Even with Holofcener on board, the announcement of the project sparked a quick backlash over its blunt subject matter. Holofcener understood the reaction – “It’s such a difficult time,” she concedes – but remained focused on creating a three-dimensional heroine, exploring historical research outside of the book’s scope and “completely. out of my wheelhouse ”. She was spurred on by the challenge and found surprising parallels with her previous work. She wishes to give Marguerite “a voice and a personality” and imagines unique hobbies for her. During meetings with star Jodie Comer, she wondered who this woman really was: “What would she say? How would she say it? And what were the repercussions of what she said? It took imagination and speculation. “The story is much more male-centric,” says Holofcener, “although she was the one who spoke courageously and honestly, and risked her life to do so.”

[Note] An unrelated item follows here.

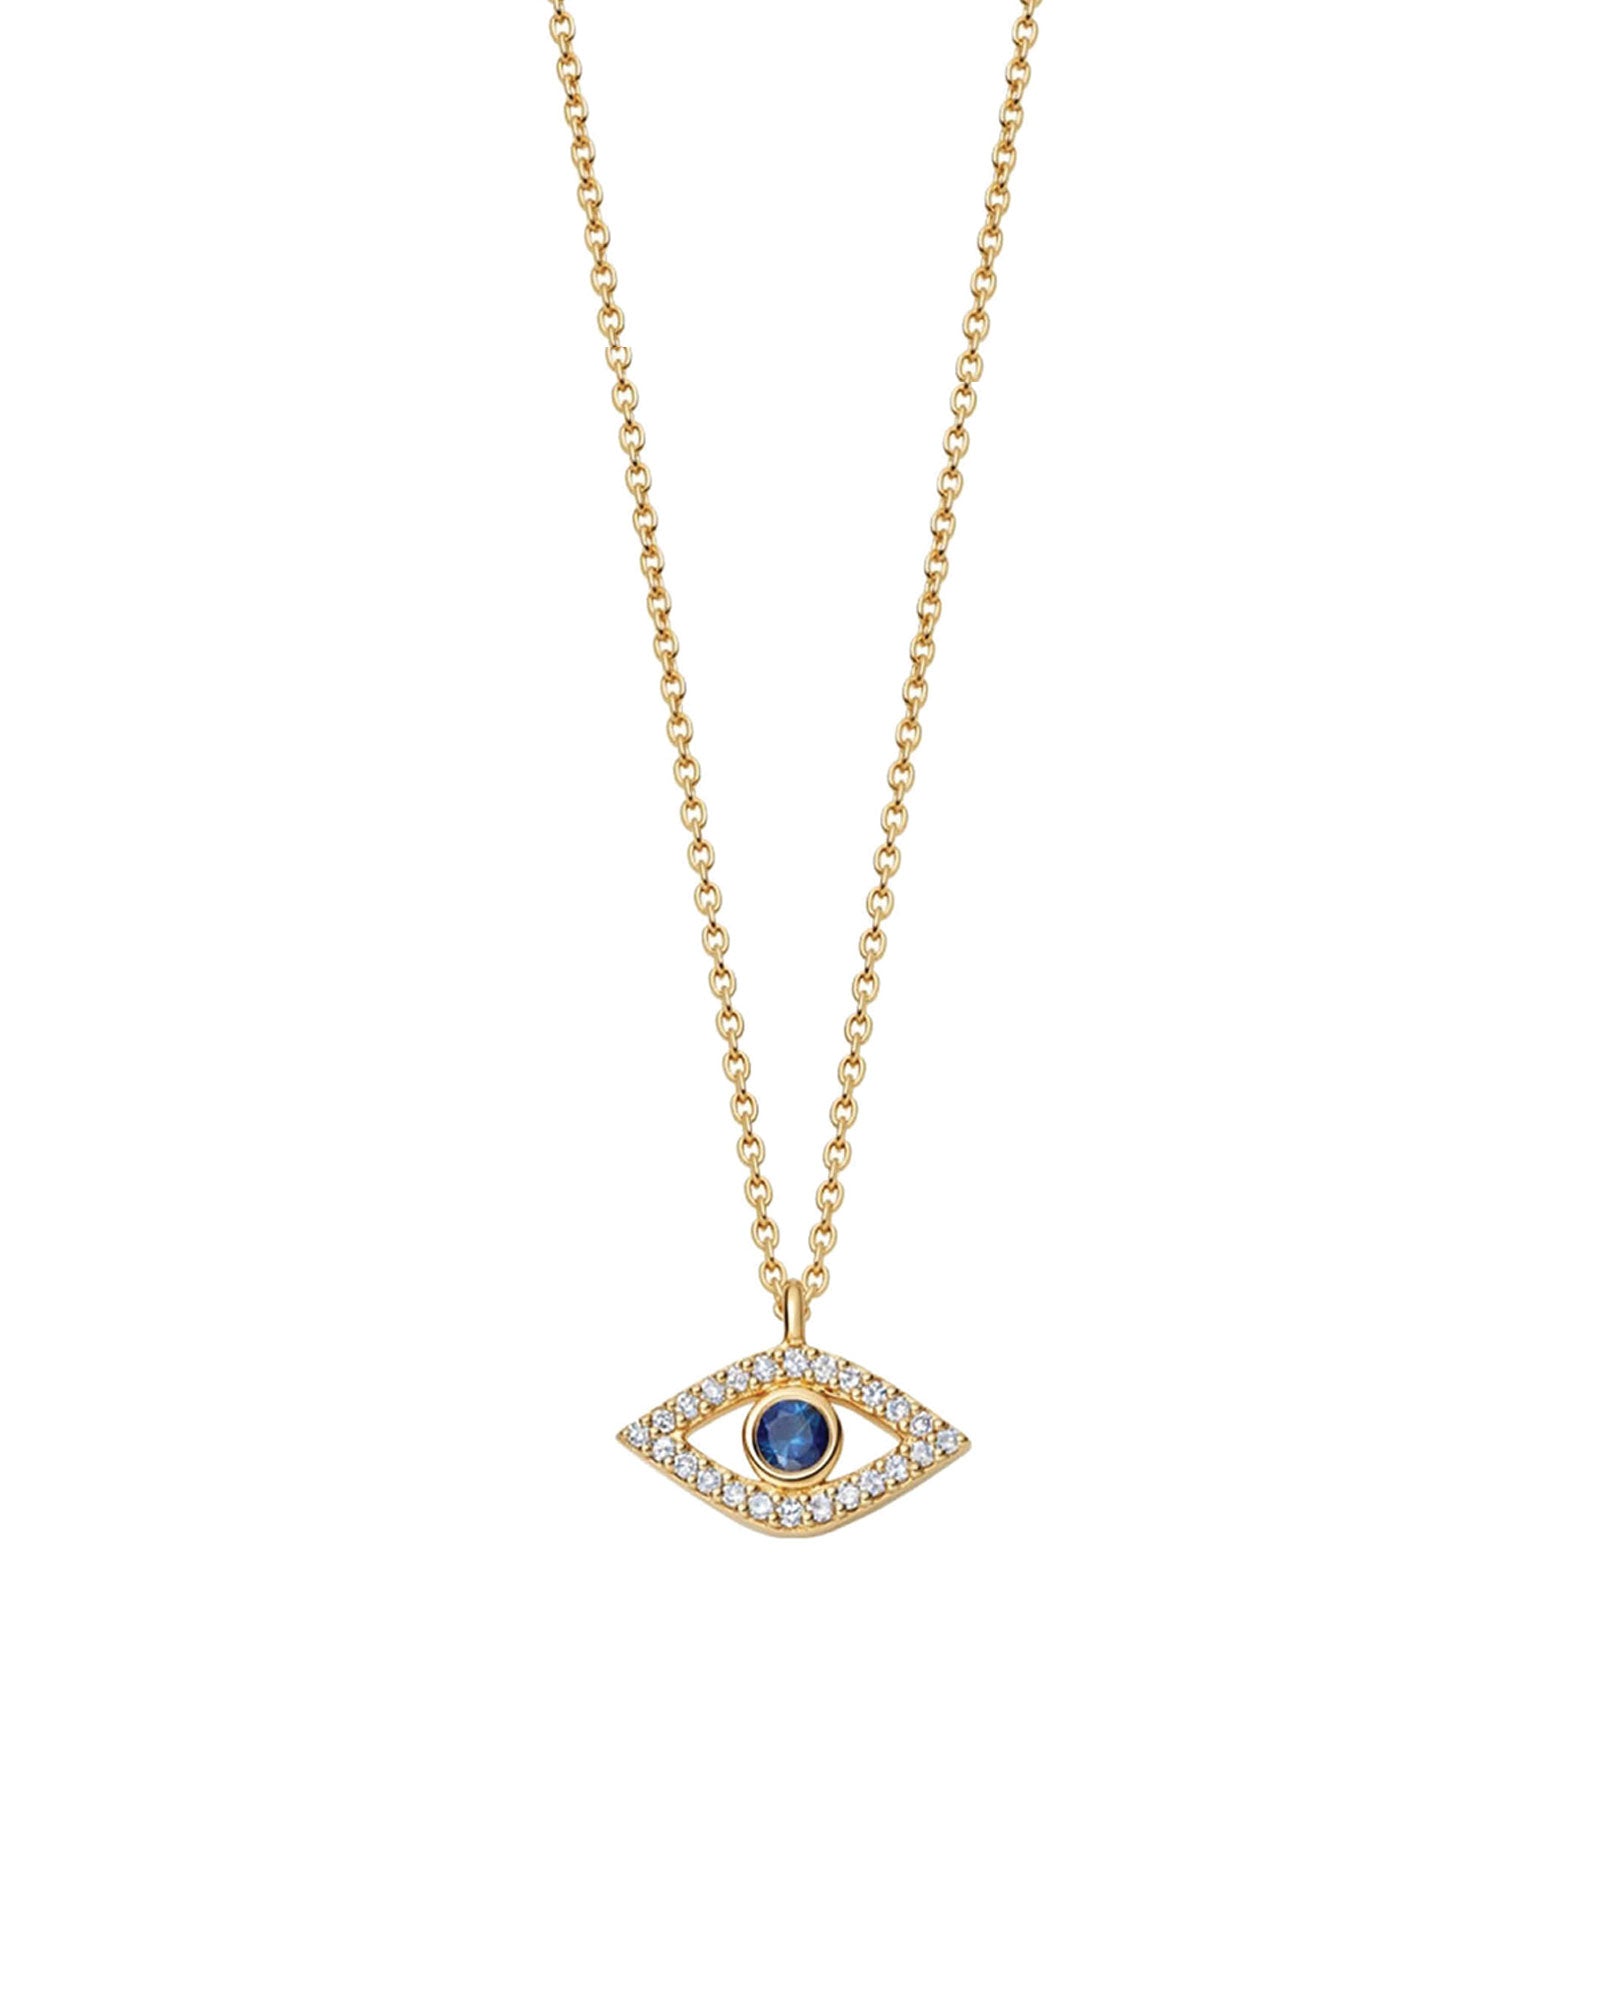 CUBIC ZIRCONIA EVIL EYE NECKLACE IN 14K YELLOW GOLD - Pendant

With The lost girl, Maggie Gyllenhaal (shown here between scenes) wrote and directed the first English adaptation of Elena Ferrante.Courtesy of NETFLIX.

This kind of disparity has long motivated another filmmaker, Jane Campion. The Oscar winner, known for his literary adaptations of both canonical documents (The portrait of a lady) and obscure (An angel at my table), has followed a clear line: her work is always focused on women. She says Vanity Fair it was “a mission” because she saw half of the world’s population being underserved in the movies.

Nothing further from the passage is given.